Mit Beratung und Bildung Hilfe zur Selbsthilfe leisten

Der Landesverband DHB – Netzwerk Haushalt Hessen begrüßt die Strom-Spar-Offensive von Bundesumweltminister Altmaier, fordert aber darüber hinaus weitere Maßnahmen, um den Stromverbrauch in Privathaushalten zu reduzieren.

Die Strom-Spar-Offensive der Bundesregierung, nach der jeder Bürger innerhalb von sechs Monaten eine fachkundige Energieberatung erhalten kann, um im eigenen Haushalt Strom einzusparen, ist ein Schritt in die richtige Richtung, so der DHB. Stromsparen sei die beste Möglichkeit, um die Stromkosten in den Griff zu bekommen.

Eine Abwrackprämie für Stromfresser im Haushalt – wie sie die Parteichefin der Linkspartei, Katja Kipping, fordert – wäre auch nach Ansicht der DHB-Landesvorsitzenden Anne Mitschulat eine gute Ergänzung zum aktiven Stromsparen.

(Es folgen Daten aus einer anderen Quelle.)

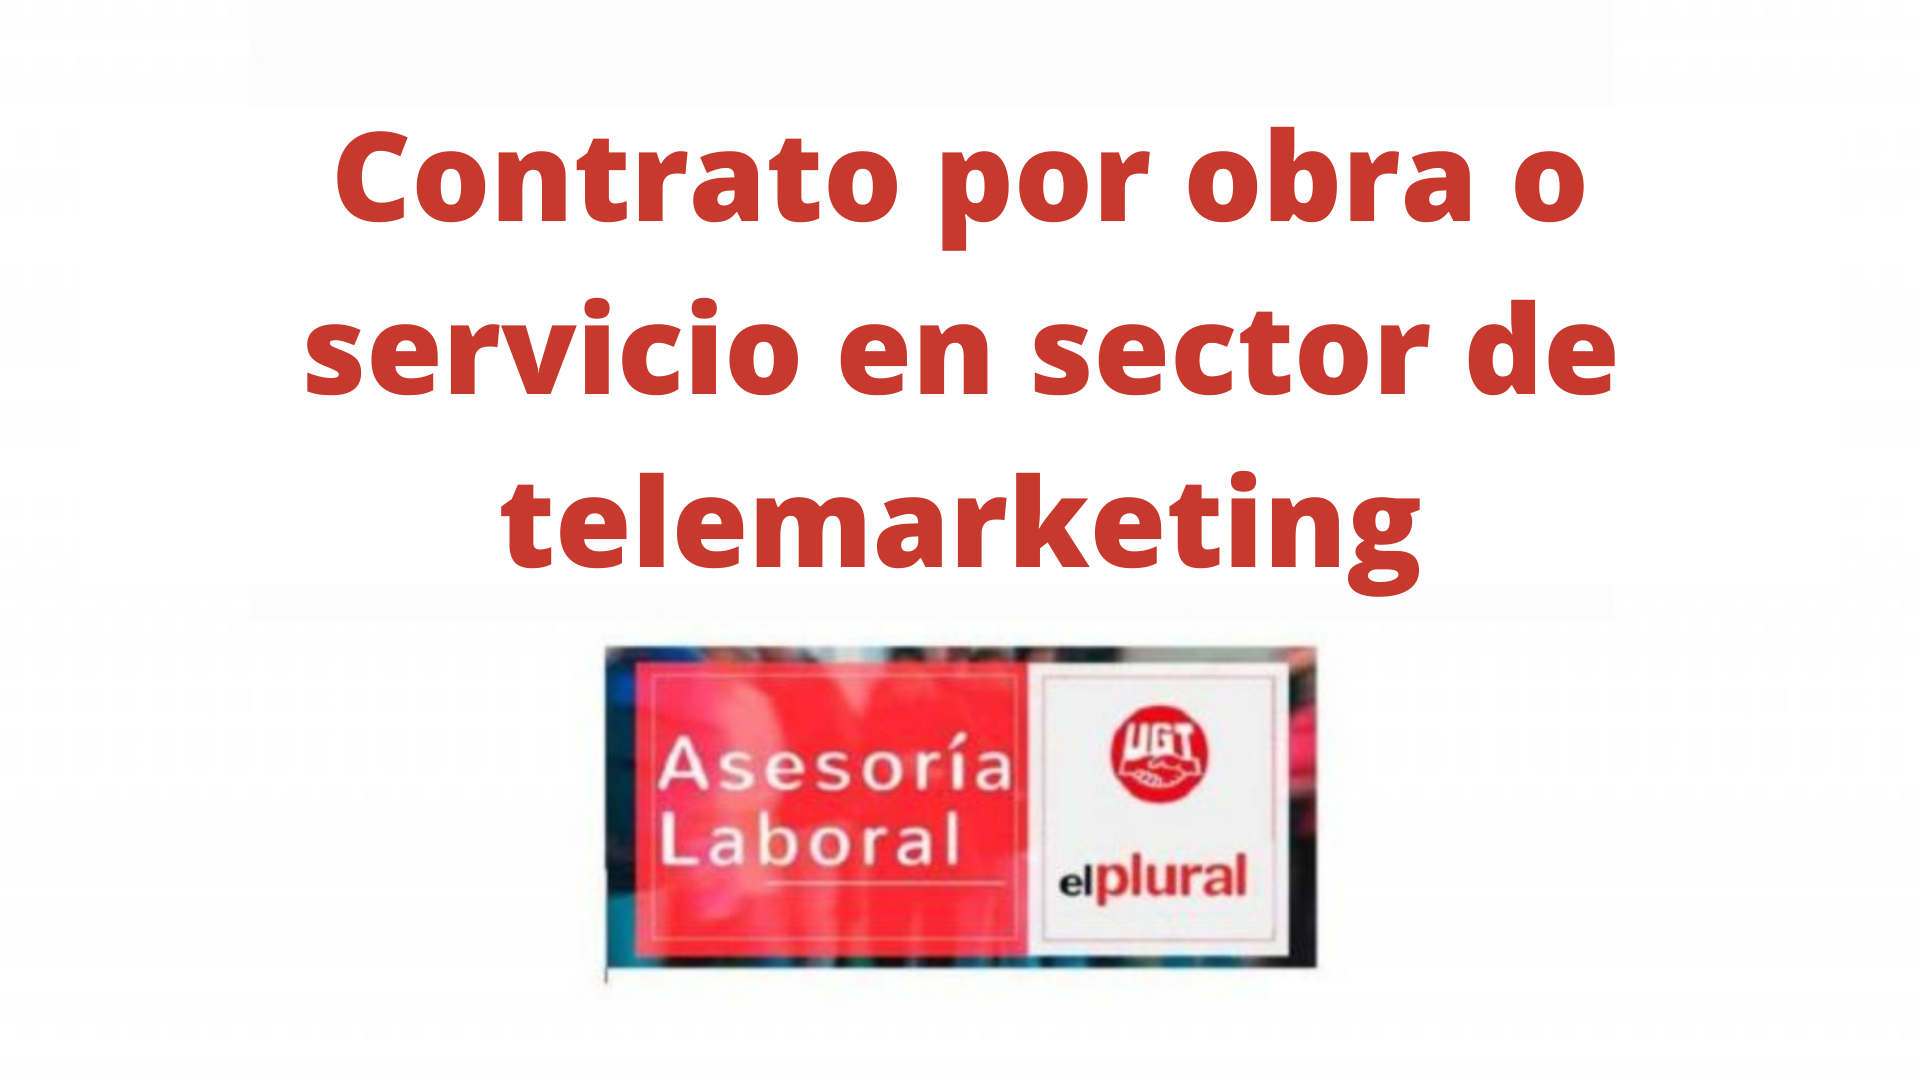 Contrato por obra o servicio en sector de telemarketing
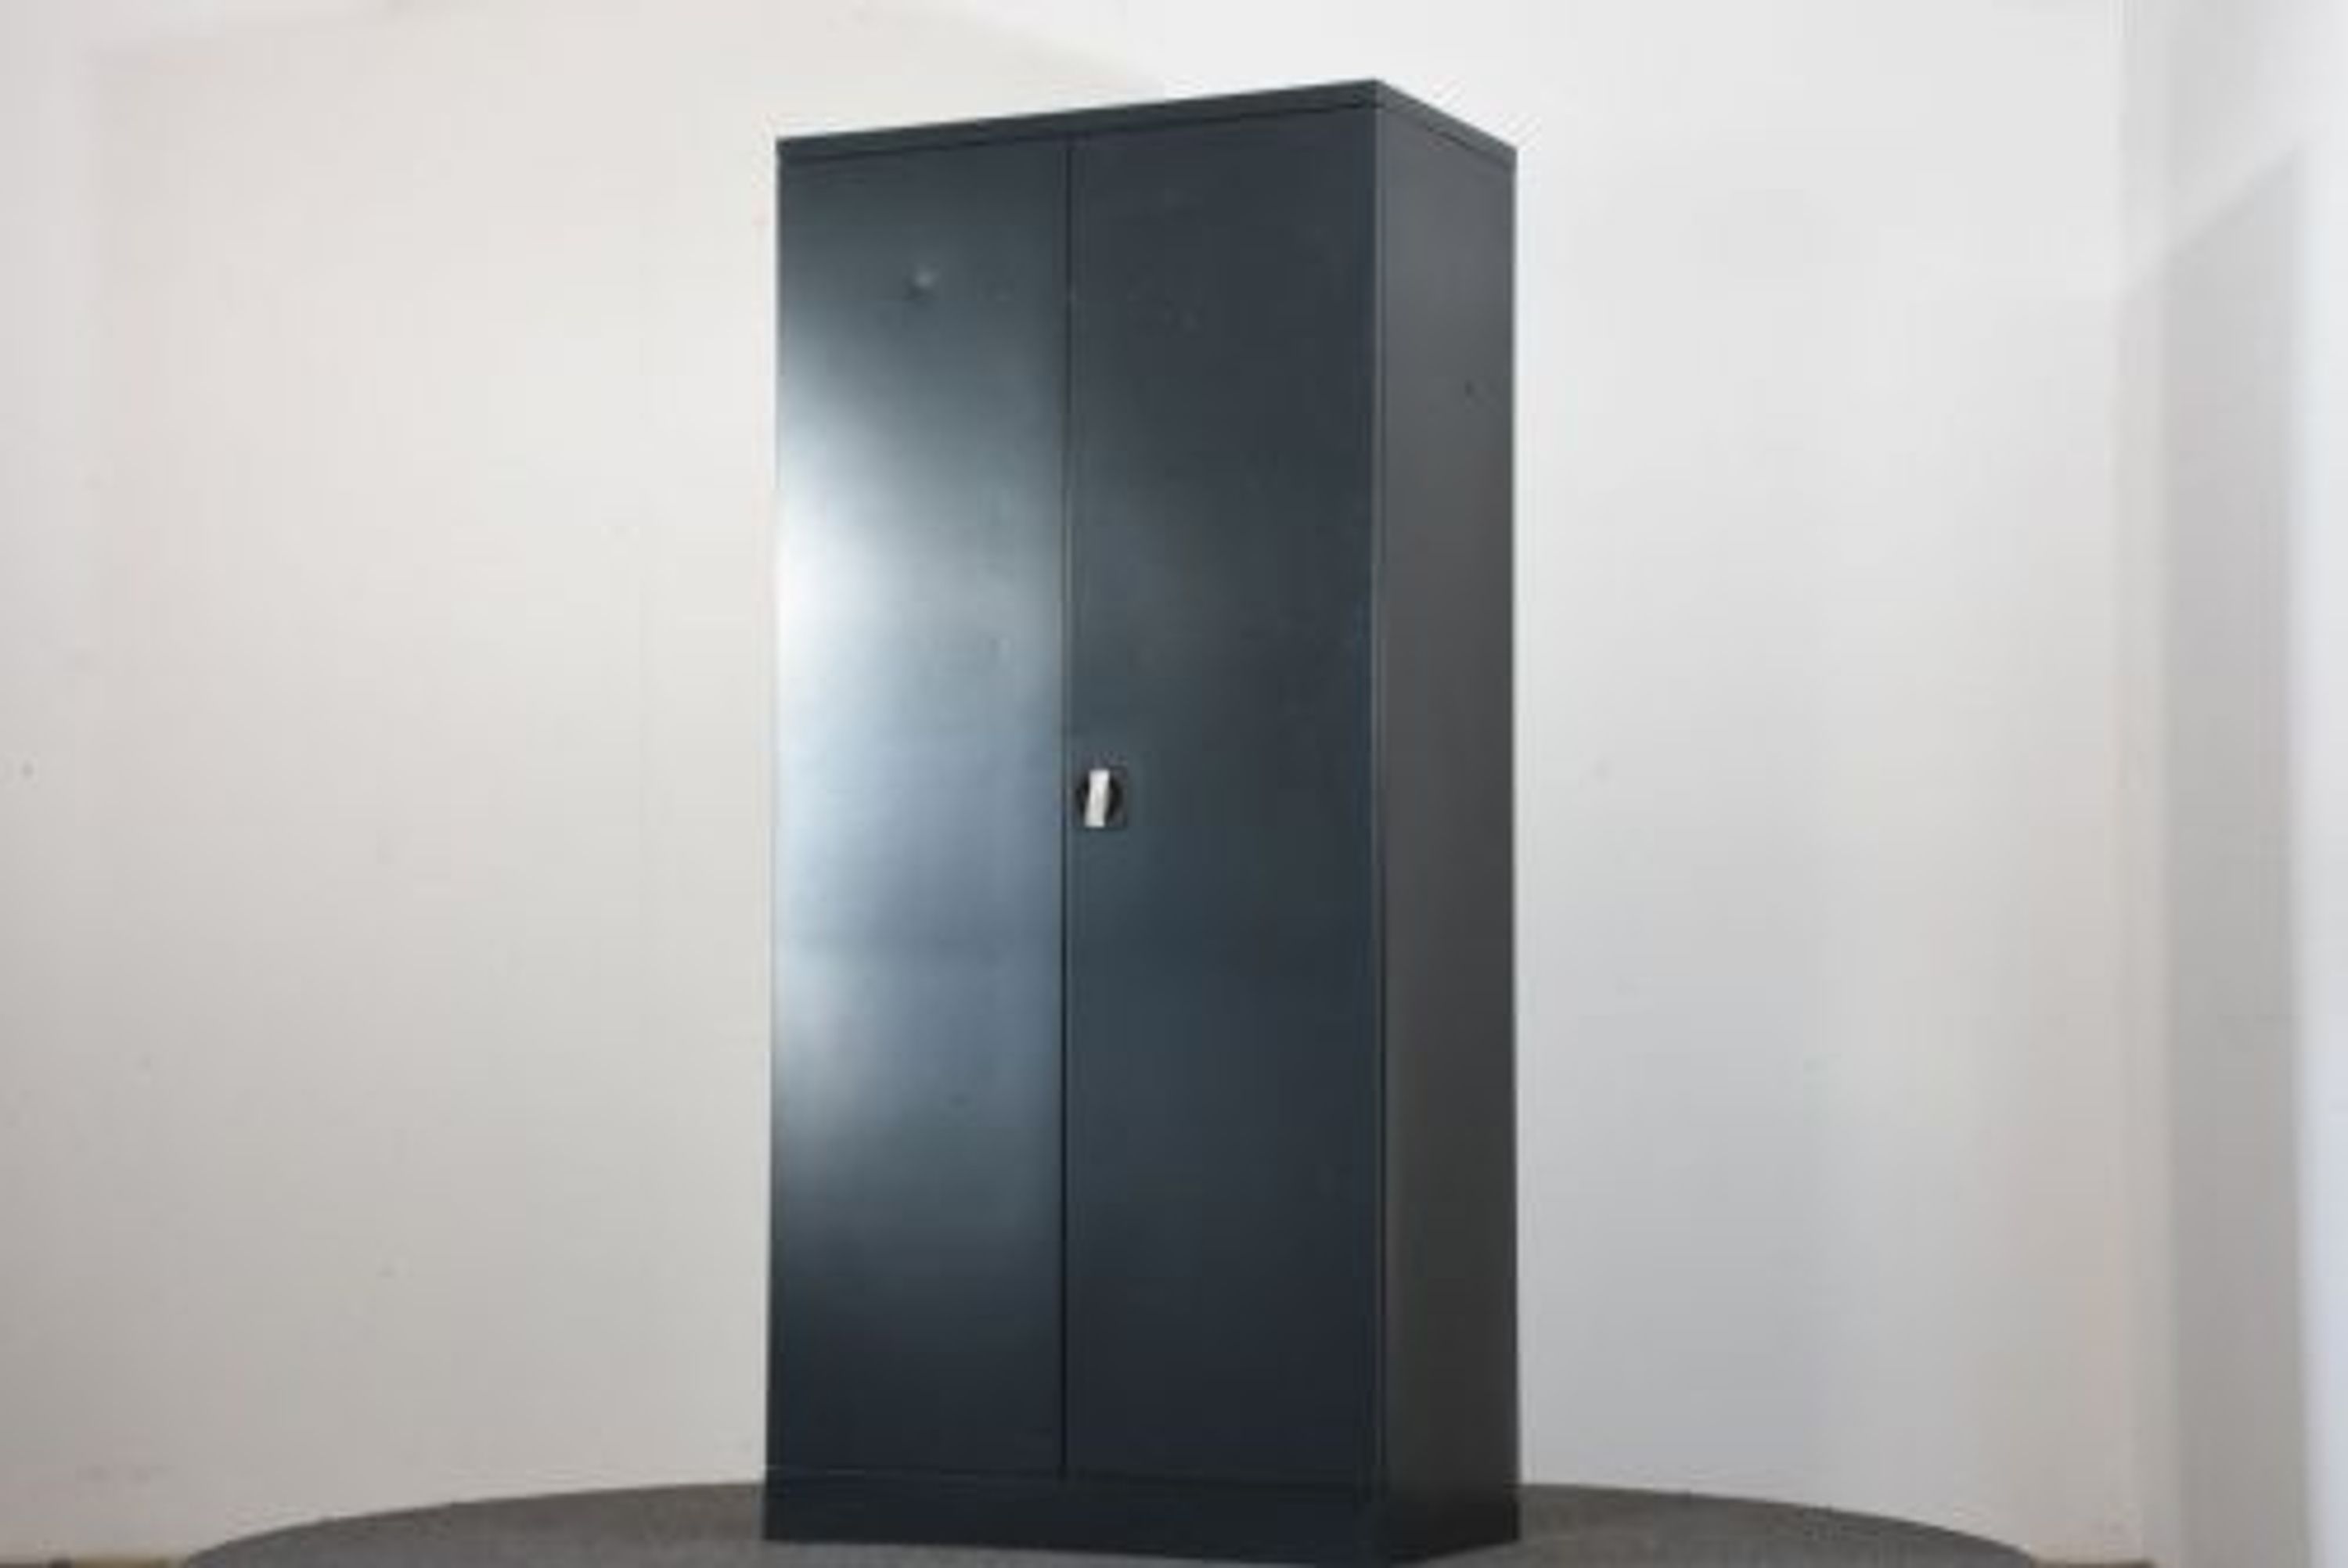 Metallschrank, 195x91,5x50cm, schwarz, gebraucht kaufen bei Hood.de

Sie hält es für sinnvoll, den Haushalten, die einen Stromfresser verschrotten, einen Gutschein für ein stromsparendes Haushaltsgerät auszuhändigen. „Wir wissen, dass heute bei der Gewinnung von Rohstoffen aus Altmaterial durch dessen Rückführung in den Wirtschaftskreislauf viel Geld verdient werden kann. Warum soll der Verbraucher daran nicht teilhaben?" Schließlich seien die Verschrottung von Stromfressern und die Anschaffung von energieeffizienten Geräten ganz im Sinne der Nachhaltigkeit und für eine gesunde Zukunft. Da heute von einer bestmöglichen Entsorgung von Schadstoffen und einer vorbildlichen Verwertungsquote von Wertstoffen von bis zu 95 Prozent ausgegangen werden kann, ist laut Mitschulat der Ersatz eines Stromfressers durch ein Sparmodell ökologisch gut vertretbar.

Für einkommensschwache Haushalte fordern Stimmen aus der SPD, dass Stromanbieter verpflichtet werden müssten, für die ersten 500 Kilowattstunden Strom den jeweils günstigsten Tarif zu berechnen. „Für mich wäre alternativ dazu auch eine Staffelung nach Verbrauchsmengen denkbar", teilt die Landesvorsitzende weiter mit. „Je höher der Verbrauch, desto höher der Tarif!"

Voraussetzung zum Stromsparen ist, dass die Verbraucher in der Lage sind dies zu tun. Das wiederum setzt Aufklärung und Beratung voraus. Der DHB engagiert sich schon seit Jahren in dieser Hinsicht mit Vortragsveranstaltungen und  Beratung in seinen sieben hessischen Verbraucherberatungsstellen. Energiesparen schont den Geldbeutel und die Umwelt, so die Devise des DHB. Fachkundige Beratung der Haushalte ist das A und O, um Sparpotenziale aufzuzeigen und auszuschöpfen. Schon beim Kauf von Waschmaschinen, Kühlschränken, Gefrierschränken und Fernsehgeräten muss auf die Energieeffizienz der Geräte geachtet werden. Darüber hinaus kann durch die richtige Bedienung und Ausnutzung der Geräte viel Strom und Geld gespart werden. Tipps und Tricks zum Stromsparen im Haushalt verraten die Verbraucherberatungsstellen des DHB und seine geschulten Referentinnen. Mit Beratung und Bildung leistet der Verband Hilfe zur Selbsthilfe bei allen verbraucherrelevanten Fragen und einer nachhaltigen Führung des privaten Haushaltes.

Der Landesverband ist auch Kooperationspartner der Hessischen Energiesparaktion (HESA) des Hessischen Ministeriums für Umwelt, Energie, Landwirtschaft und Verbraucherschutz. Die HESA ist ein erprobtes Instrument, um Energiesparmöglichkeiten zu kommunizieren. Sie leistet Öffentlichkeitsarbeit und informiert die Bürger direkt und über Multiplikatoren, stellt Kontakte zu Energieberatern her und fördert die Ausbildung von Energieberatern.